# Lab 1 - Python, Pandas and Numpy
- **Author:** Qutub Khan Vajihi ([qutubkhan.vajihi@berkeley.edu](mailto:qutubkhan.vajihi@berkeley.edu)) (Adapted from labs by Dimitris Papadimitriou)
- **Date:** 27 January 2021
- **Course:** INFO 251: Applied Machine Learning

### Learning Objectives:

* Know what is good style when writing Python code
* Learn some useful Python features
* Work with DataFrames using the Pandas library
* Produce basic graphs using the Matplotlib library
* Understand numpy, matrix operations and iterations

## 1. Python Code Style
Guido van Rossum is one of the authors of the PEP8 style guide [PEP 8 -- Style Guide for Python Code](https://www.python.org/dev/peps/pep-0008/). Below are some references from this guide - 

"One of Guido's key insights is that code is read much more often than it is written. The guidelines provided here are intended to improve the readability of code and make it consistent across the wide spectrum of Python code.

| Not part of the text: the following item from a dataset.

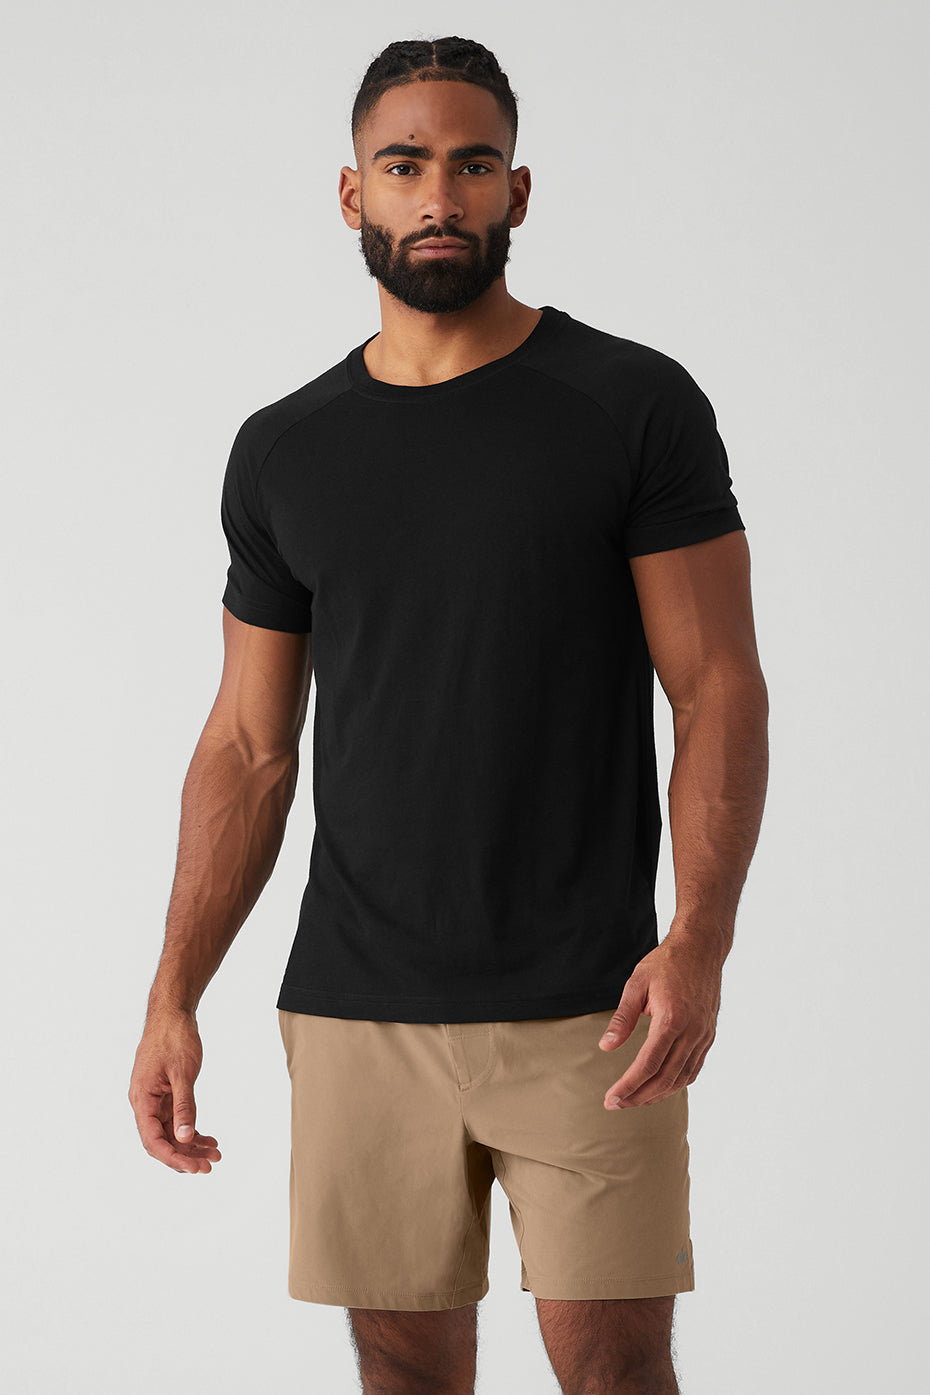 Alo Yoga Men's Warrior Compression Short, Jet Black, Medium at  Men's  Clothing store
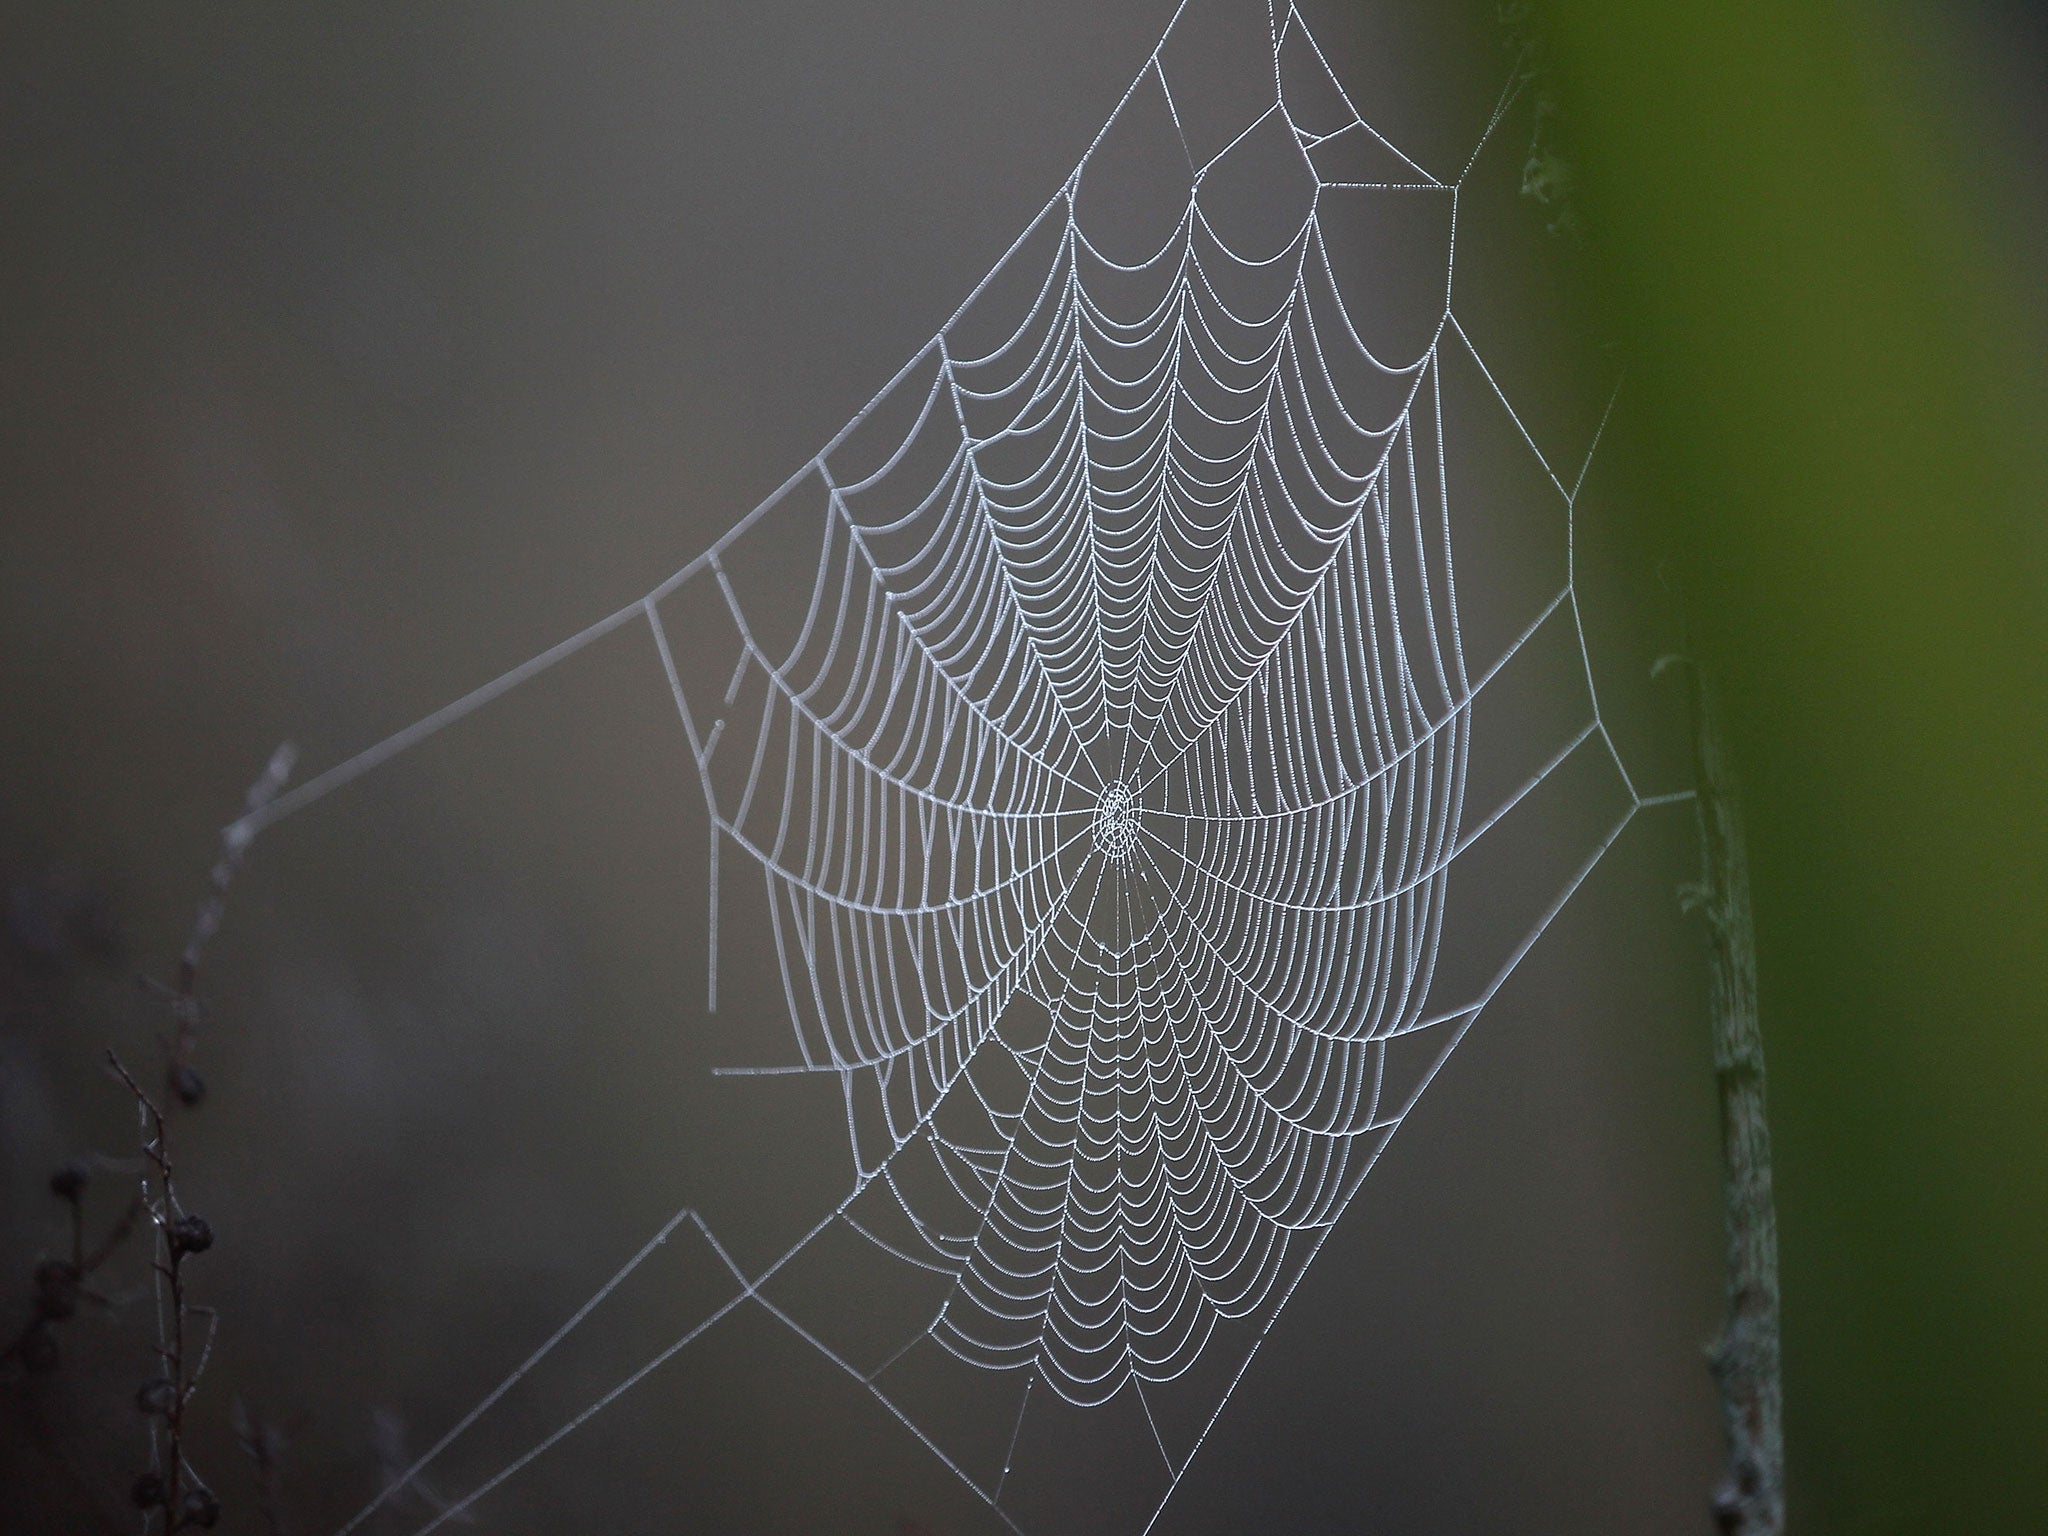 false black widow web

As PEP 20 says, "Readability counts"."

Below are a few points from this guide which we think are useful to note, but feel free to refer to the guide for much more detailed guidelines. 

* Line length:
    Maximum line length is 79 characters.

* Names: Make variable names (nouns) and function names (verbs) descriptive.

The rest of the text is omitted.